La atención se vuelve hacia un modelo de enseñanza en el que la UNED ha sido no solo visionaria, sino pionera y que se ratifica como el probable modelo a seguir: la semi presencialidad. Se trata de implementar el uso cotidiano por parte de todos los usuarios de manera fluida de campus virtuales y plataformas como herramientas habituales de trabajo. Para ello, los ministerios de Educación y de Universidades, así como los gobiernos autonómicos, deberían inexorablemente apostar por dotar a los establecimientos de la tecnología necesaria, además de facilitar el acceso a dicha tecnología a los propios alumnos y profesores.

La tecnología seduce al estudiante, que ha nacido con ella y que forma parte indisoluble de su vida. Permite una flexibilidad de horarios, compatibiliza el estudio con un pequeño trabajo y lo concilia con la maternidad/paternidad o cuidado a personas ancianas o dependientes. El mundo virtual colabora con la organización de tareas, entendiéndolo no como una rutina, sino como una excepcionalidad.

Presenta, además, el valor añadido de la rapidez, la facilidad para hacer búsquedas temáticas y bibliográficas, la capacidad para enviar trabajos, responder a cuestionarios programados o ver clases grabadas y otros materiales puestos a disposición por el equipo docente en el momento en el que el alumno disponga de tiempo.

Si no fuera por la tecnología informática, el curso 2019/20 no hubiera podido finalizarse, es evidente. Y, sin embargo, lo tecnológico jamás podrá reemplazar a lo presencial. No existe ni podrá existir un programa de exámenes que ofrezca todas las garantías de transparencia y fiabilidad de las pruebas presenciales, a menos que se acuda a controles exhaustivos y vídeo vigilancia, que chocarían contra la libertad del individuo y las leyes de protección de datos e imagen.

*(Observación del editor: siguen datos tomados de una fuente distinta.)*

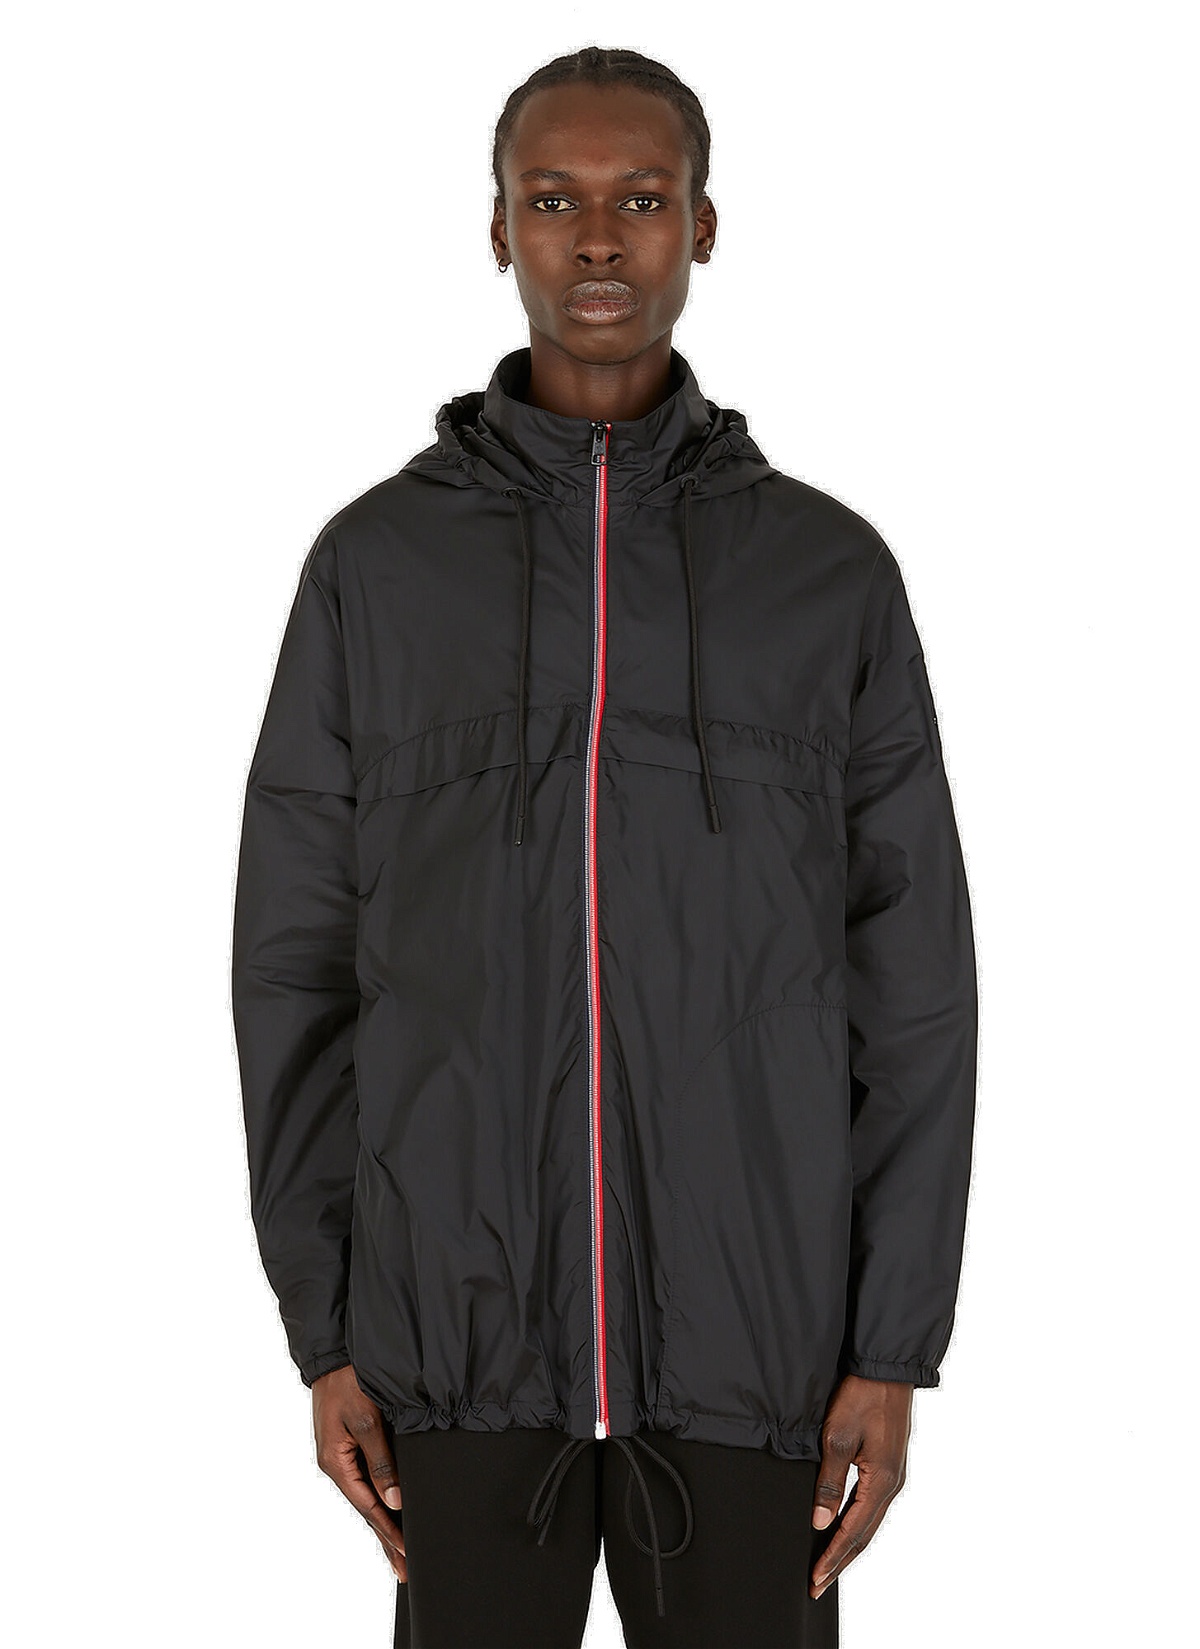 Chahed Jacket in Black Moncler

En cuanto a las clases o tutorías virtuales, por necesidad han de ser también presenciales. Los estudiantes necesitan tiempos y horarios, orden y estructura. Necesitan una guía de la que poder apartarse solo puntualmente, flexible, pero existente. Necesitan el ritual de ir al establecimiento educativo, de encontrarse con otros estudiantes, de trabajar en la biblioteca. Ni que decir tiene que toda práctica curricular debe realizarse presencialmente.

Es indispensable mantener el lado humano de la universidad, cuyo fin primero y último es la transmisión de conocimientos y la preparación para el futuro desde la propia experiencia de los profesores.

La universidad es un lugar de encuentro que un ordenador nunca podrá ocupar. Prescindir de la interpelación directa del alumno al profesor, de las expresiones y de la gestualidad, del 'feedback' inmediato y constante, de los guiones cambiados en base a una espontánea pregunta de un alumno, de una discrepancia que lleve a un debate entre los presentes, de un cuestionamiento en directo y en el mismo espacio sería un tremendo error.

La universidad ha de vivirse en los pasillos y en las aulas, en las salas de estudio, en las bibliotecas y en los lugares de ocio de un campus real. La universidad educa en la convivencia, en el diálogo, la confrontación, la libertad de ideas y el pensamiento crítico. La universidad es una historia de saber, pero también es una historia de relaciones humanas.